GH GambleHub

API'de erişim kontrolü ve RBAC

1) Neden API erişim kontrolü

Yetkilendirme,'bu aktör şimdi bu kaynak üzerinde bu eylemi gerçekleştirebilir mi? ». Hatalar, BOLA/IDOR sızıntılarına, hakların artmasına ve düzenleyici gerekliliklerin ihlal edilmesine yol açar. Amaç, çok seviyeli bir model oluşturmaktır: Perimeter - service mash - iş kuralları, nesne düzeyinde açık politikalar ve kontroller.

2) Yetkilendirme modelleri: ne zaman seçileceği

RBAC (Role-Based Access Control) - roller - izinler. Basit, istikrarlı, ama "rol patlaması" eğilimli.
ABAC (Öznitelik Tabanlı) - öznenin/nesnenin/bağlamın (ülke, KYC seviyesi, kaynak sahibi, risk) niteliklerine ilişkin karar.
ReBAC (İlişki Tabanlı) - ilişki grafiği (sahip, ekip üyesi, "proje yöneticisi"); Karmaşık hiyerarşileri çözer.
Kapsamlar (OAuth) - istemci ile kaynak sunucusu arasında "erişim alanı" hakkında bir sözleşme (örneğin, "ödemeler: yazma").
Uygulama: Temel matris için RBAC, bağlam ve kısıtlamalar için ABAC, karmaşık hiyerarşiler için ReBAC (klasörler, kuruluşlar, sınırlar ve podaccounts).

3) Kaynakların ve eylemlerin taksonomisi

Hiyerarşiler: 'Org> Proje> Cüzdan> İşlem'. Olası "sınırlayıcılar'ile yukarıdan aşağıya hakların mirası.
Eylemler: CRUD + etki alanına özgü ('onayla', 'geri ödeme', 'yerleşme').
Kaynak özellikleri: sahip, bölge, durum, risk etiketleri (AML/KYC), limitler.
Çoklu kiracılık: tüm çözümler 'tenant _ id' içerir; Varsayılan olarak reddet.

4) Mimarlık: kararın verildiği yer

PEP (Policy Enforcement Point) - doğrulama sitesi: gateway/API-gateway, sidecar mash, servisin kendisi.
PDP (Politika Karar Noktası) - politika motoru: merkezi (OPA-hizmet, Cedar-motor) veya yerleşik kütüphane.
PIP (Policy Information Point) - öznitelik kaynakları: kullanıcı/rol dizini, kiracı profili, CCP/risk, kaynak sahiplik haritası.
PAP (Policy Administration Point - Politika Yönetim Noktası) - politika sürüm oluşturma, yayınlama, denetleme.

Öneri: PEP'de merkezi PDP + yerel çözüm önbelleği; Alan değişmezlerinin varlığında hizmette karmaşık nesne kontrolleri.

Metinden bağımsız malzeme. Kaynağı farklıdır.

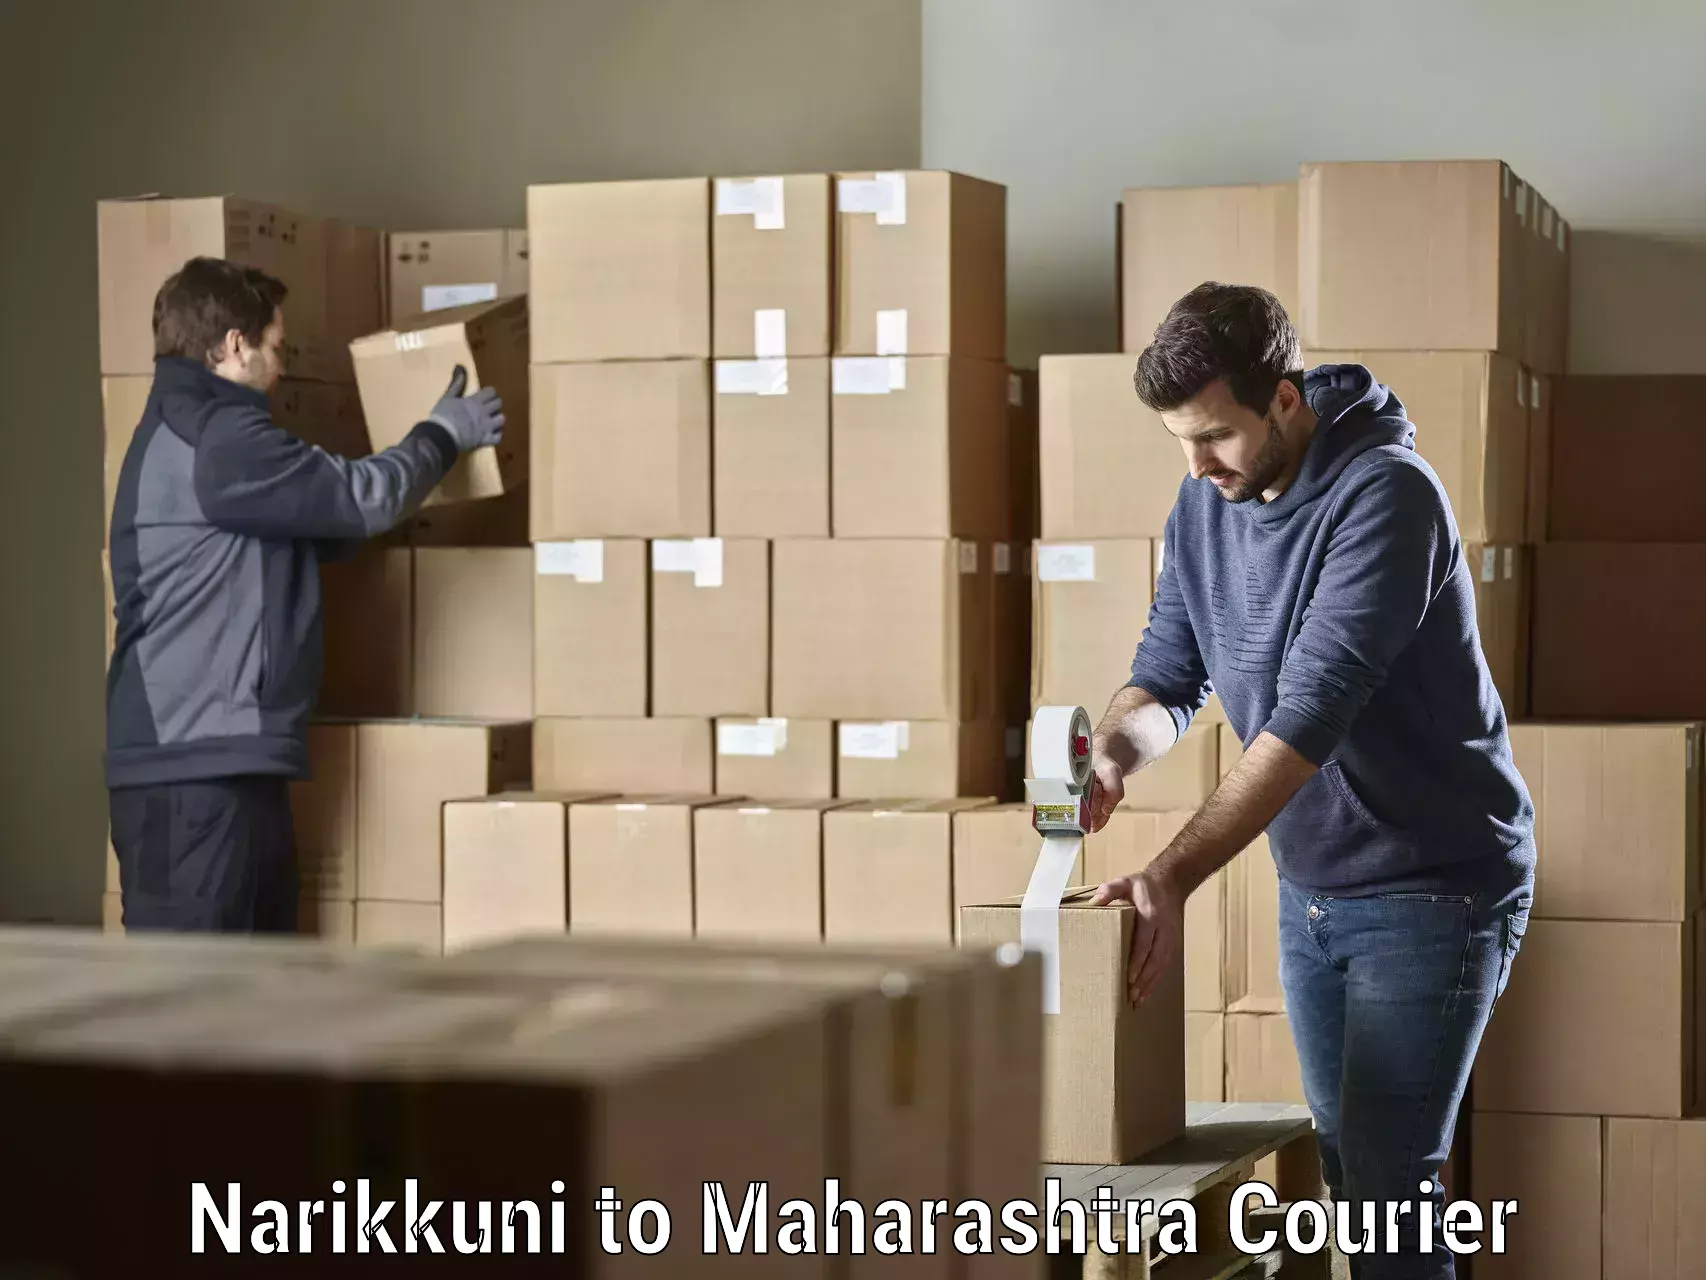 Reliable courier service Narikkuni to Maharashtra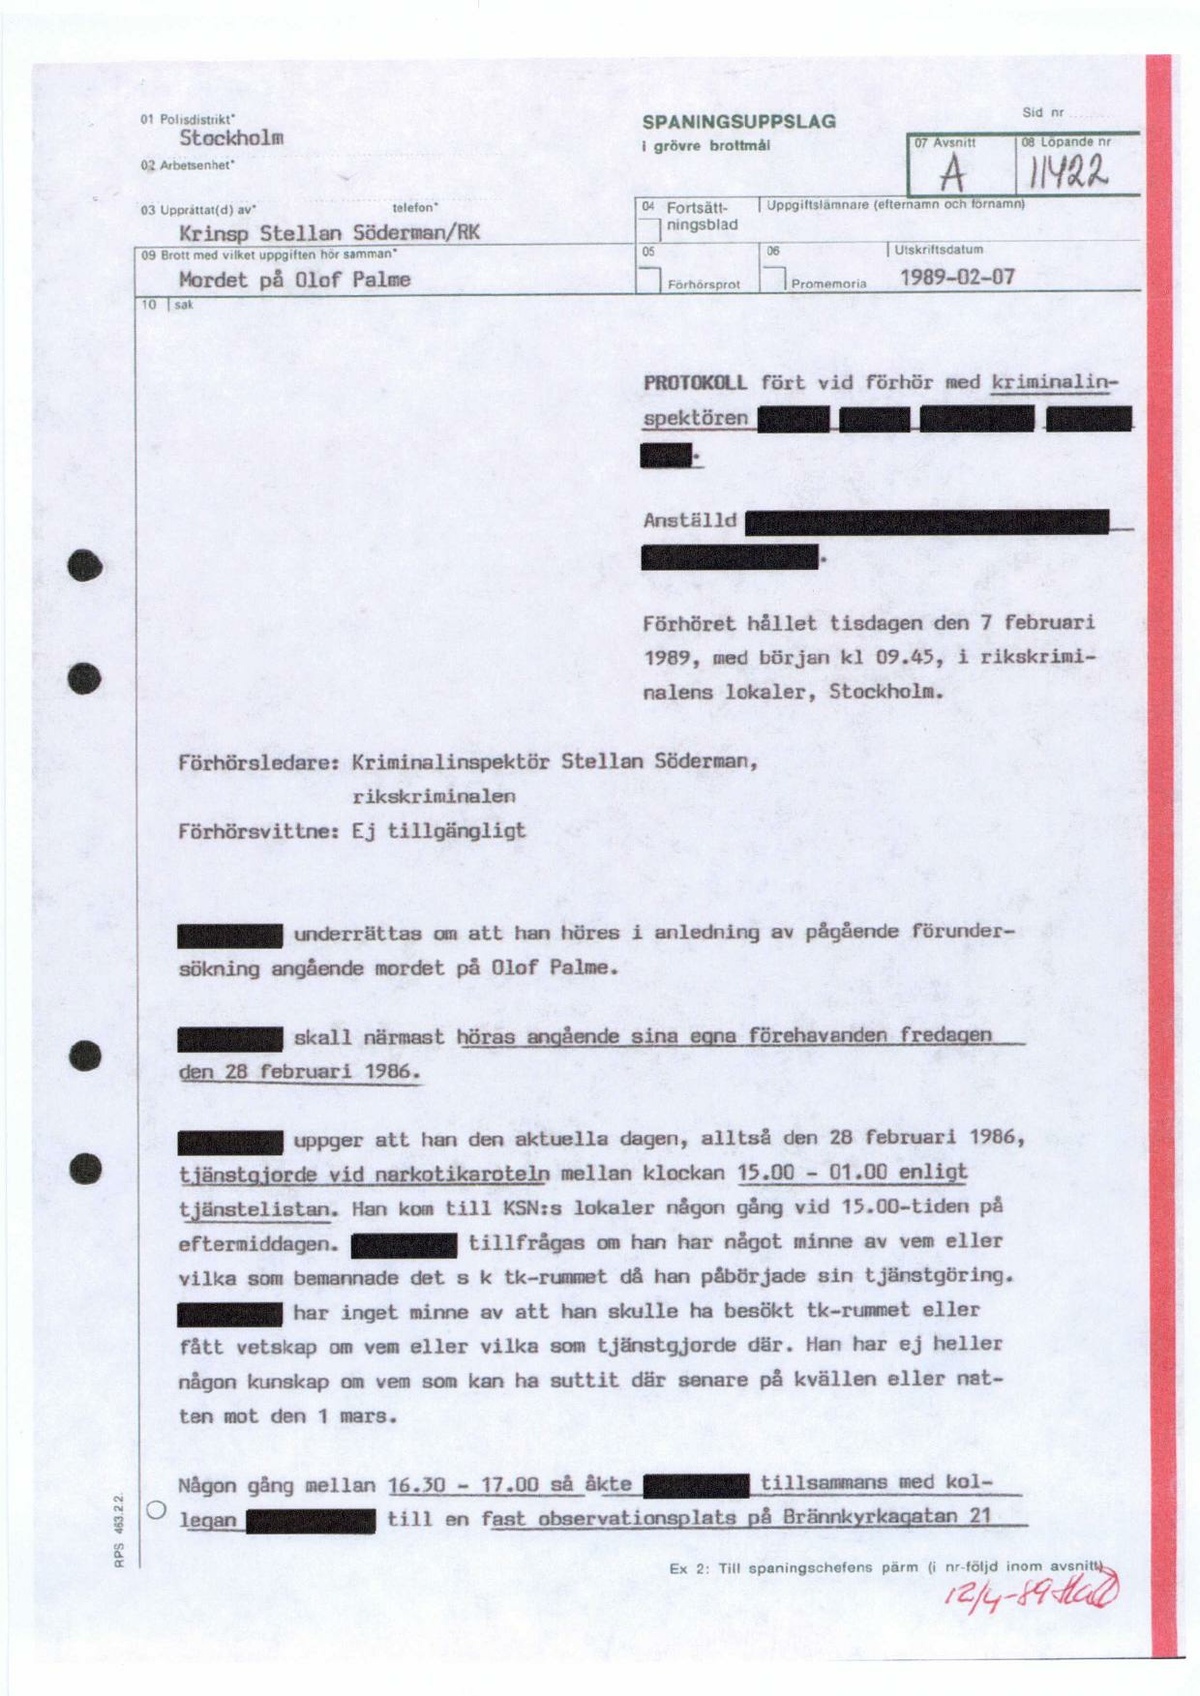 Pol-1989-02-07 A11422-00 Förhör-narkotikaspanare-Robert-Andersson.pdf

5) Belirteçler, pullar ve kimlik

OIDC/OAuth2: 'sub' (konu tanımlayıcısı), 'aud' (hedef hizmet), 'scope'/' roles', 'tenant', 'kyc _ level', 'risk _ tier'.
JWT: RS/ES imzası, kısa 'exp', yenileme ile yeniden yayın. PII koymayın; İptal/takip denetimi için 'jti' kullanın.
mTLS/HMAC: servisten servise ve ortaklar; Damgalar 'client _ id'tarafından dizinden çekilir.
Cihaz/Bağlam: IP/ASN, coğrafi, günün saati - ABAC çözümüne giriş yapın (örneğin, çalışma saatleri dışında yazmayı yasaklayın).

6) Nesne düzeyinde yetkilendirme (BOLA-first)

Her işlem "konunun sahibi/bu 'resource _ id' hakkına sahip mi?"

Mülkiyet kontrolü: 'kaynak. owner_id = = konu. id 'veya bir rol ile bir' org 'üyelik.
Filtre örnekleri: her zaman 'WHERE kaynağını kaplayın. tenant_id =: kiracı VE... '(satır düzeyinde güvenlik).
Referans işlemleri için (yol/gövde kimliği) - iş mantığını normalleştirin ve doğrulayın.

7) RBAC Tasarımı: Roller, İzinler, Kümeler

İzinler - atomik haklar: 'cüzdan. ',' cüzdanını oku. ',' yazın ödeme. Geri ödeme '.
Roller - adlandırılmış izin setleri: 'admin', 'support. ',' kasiyer ',' dolandırıcılık 'okuyun. Analist.

Kapsamlar - müşteriler için harici sözleşme (kapsam - izinler eşleme)

Patlayan rollerden kaçının:
  • temel roller + izin paketleri,
  • ABAC kısıtlamaları (ülke/bölge/kiracı),
  • "Tam Zamanında Erişim".

8) ABAC/bağlam kısıtlamaları

Geo/jurisdiction: Yasak ülkelerden yazma yasağı (yaptırımlar/düzenleyici).
Zaman/risk: Büyük operasyonlar için 'risk _ skor <eşik'.
ACC/limits: Pins> X için 'kyc _ level> = 2'; İşlemler arasında "soğuma" kontrolü.
"Güvenilir cihazlar": Tehlikeli rotalardaki ortaklar için mTLS gerektirir.

9) ReBAC ve hakların grafiği

Karmaşık iş yapıları için kullanışlıdır (gruplar, ekipler, markalar, şubeler).

İlişkiler: 'Üye', 'yönetici', 'sahip', 'görüntüleyici'.
Türetilmiş haklar: Kaynağın 'görüntüleyicisi', 'org'a ait olan projenin' üyesinden 'miras alınır.
Grafik depolama: bir ilişki matrisi, özel bir hizmet (Zanzibar yaklaşımının ruhunda) ile bir veritabanı. Cache 'check (özne, ilişki, nesne)' yanıtları.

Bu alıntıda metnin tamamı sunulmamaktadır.